185. Я думаю, в таких обстоятельствах не было бы некрасиво или неразумно со стороны самих академиков защитить своих молодых учеников, по крайней мере, опровержением прямо ложных утверждений относительно них и направлением ума и зрения публики на те реальные достоинства, которыми они обладают. Если бы сэр Чарльз Истлейк, Малреди, Эдвин и Чарльз Ландсир, Коуп и Дайс каждый из них просто высказал свое собственное частное мнение относительно их картин, подписал его и опубликовал, я верю, что этот поступок принес бы больше пользы английскому искусству, чем что-либо, что Академия сделала с момента своего основания. Но поскольку я не могу надеяться на это, я могу лишь попросить публику уделить их картинам тщательное изучение и взглянуть на них одновременно с тем снисхождением и уважением, которые, как я старался показать, они заслуживают.
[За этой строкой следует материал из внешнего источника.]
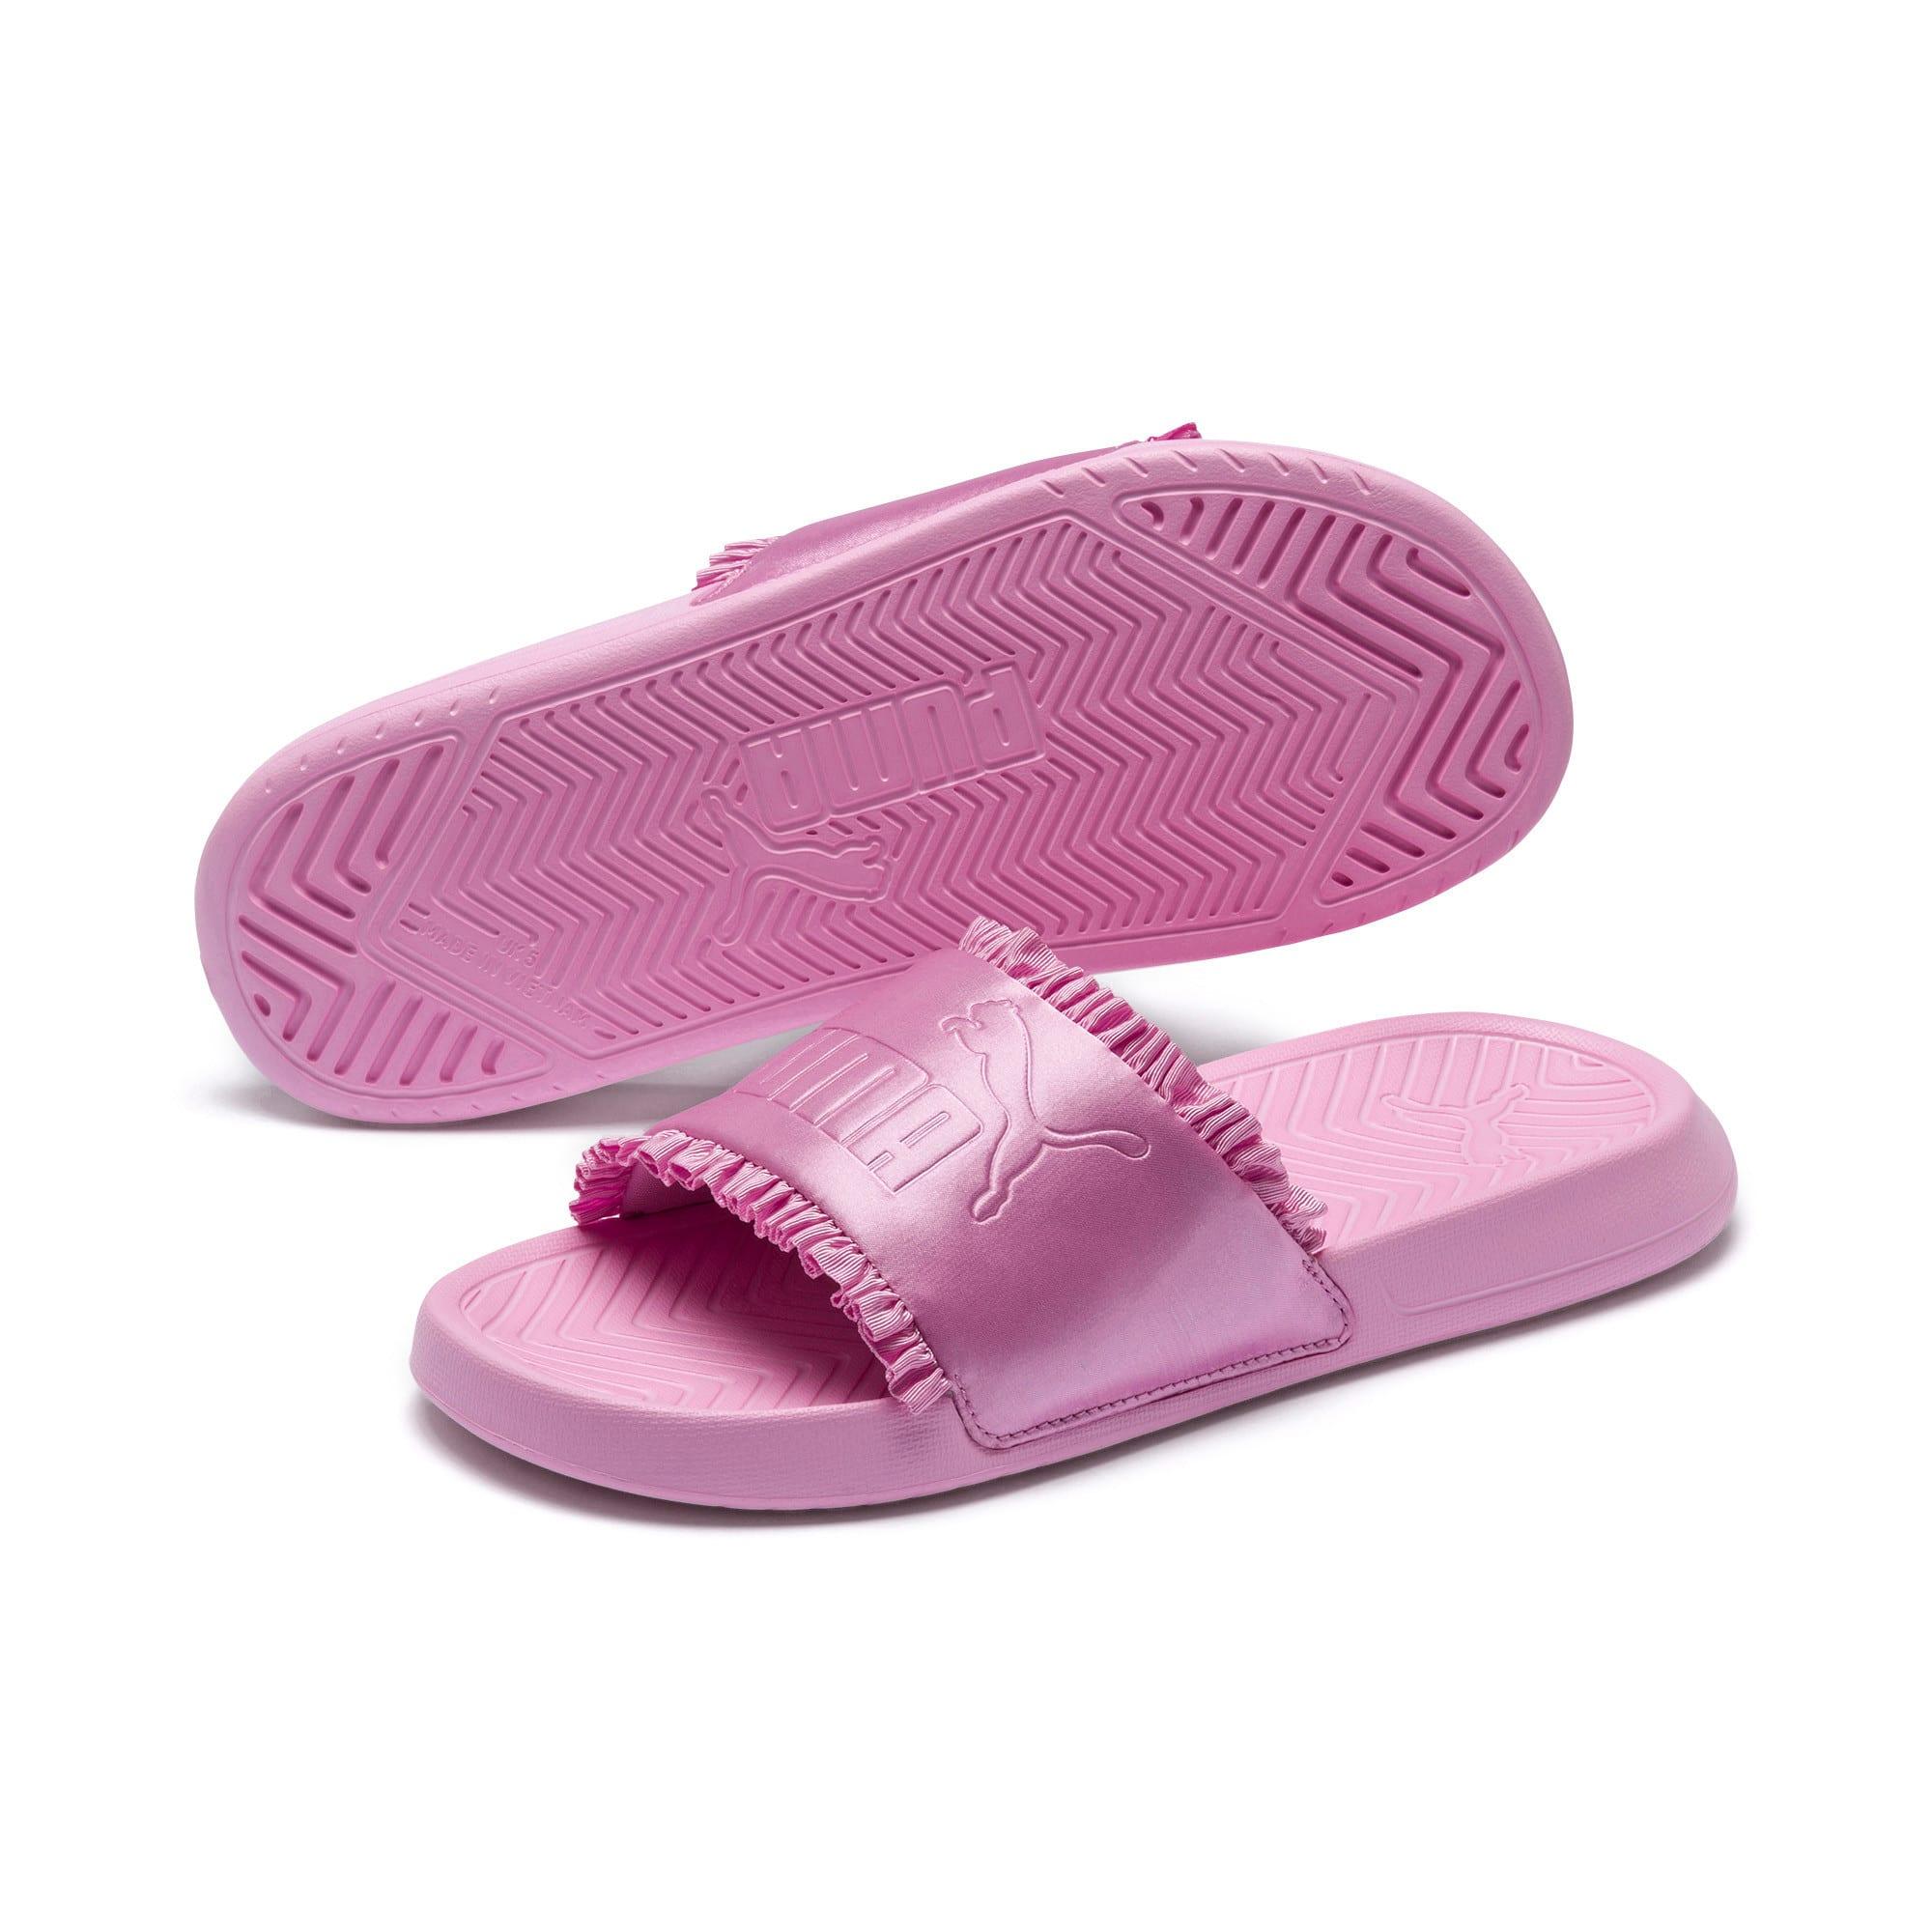 puma flip flops pink, OFF 71%,Buy!

И все же пусть меня не поймут неправильно. Я привел их только как примеры того вида изучения, который я хотел бы видеть замененным на изучение наших современных школ, и исключительного успеха в определенных характерах, отделке деталей и яркости цвета. Какие способности, более высокие, чем подражательные, могут быть в этих людях, я пока не решаюсь сказать; но я говорю, что если они существуют, такие способности проявятся в свое время тем более сильно, потому что они получили обучение столь суровое.
186. Ибо всегда следует помнить, что ни один ум не похож на другой, ни в своих силах, ни в восприятиях; и хотя основные принципы обучения должны быть одинаковыми для всех, результат в каждом будет столь же разнообразным, как виды истины, которые каждый будет постигать; поэтому, также, способы усилий, даже у людей, чьи внутренние принципы и конечные цели точно такие же. Предположим, например, двух людей, одинаково честных, одинаково трудолюбивых, одинаково впечатленных смиренным желанием верно передать некоторую часть того, что они видели в природе; и, в остальном, обученных в убеждениях, таких, как я выше старался внушить. Но один из них спокоен по темпераменту, имеет слабую память, никакого изобретения и чрезмерно острое зрение. Другой нетерпелив по темпераменту, имеет память, от которой ничто не ускользает, изобретение, которое никогда не отдыхает, и сравнительно близорук.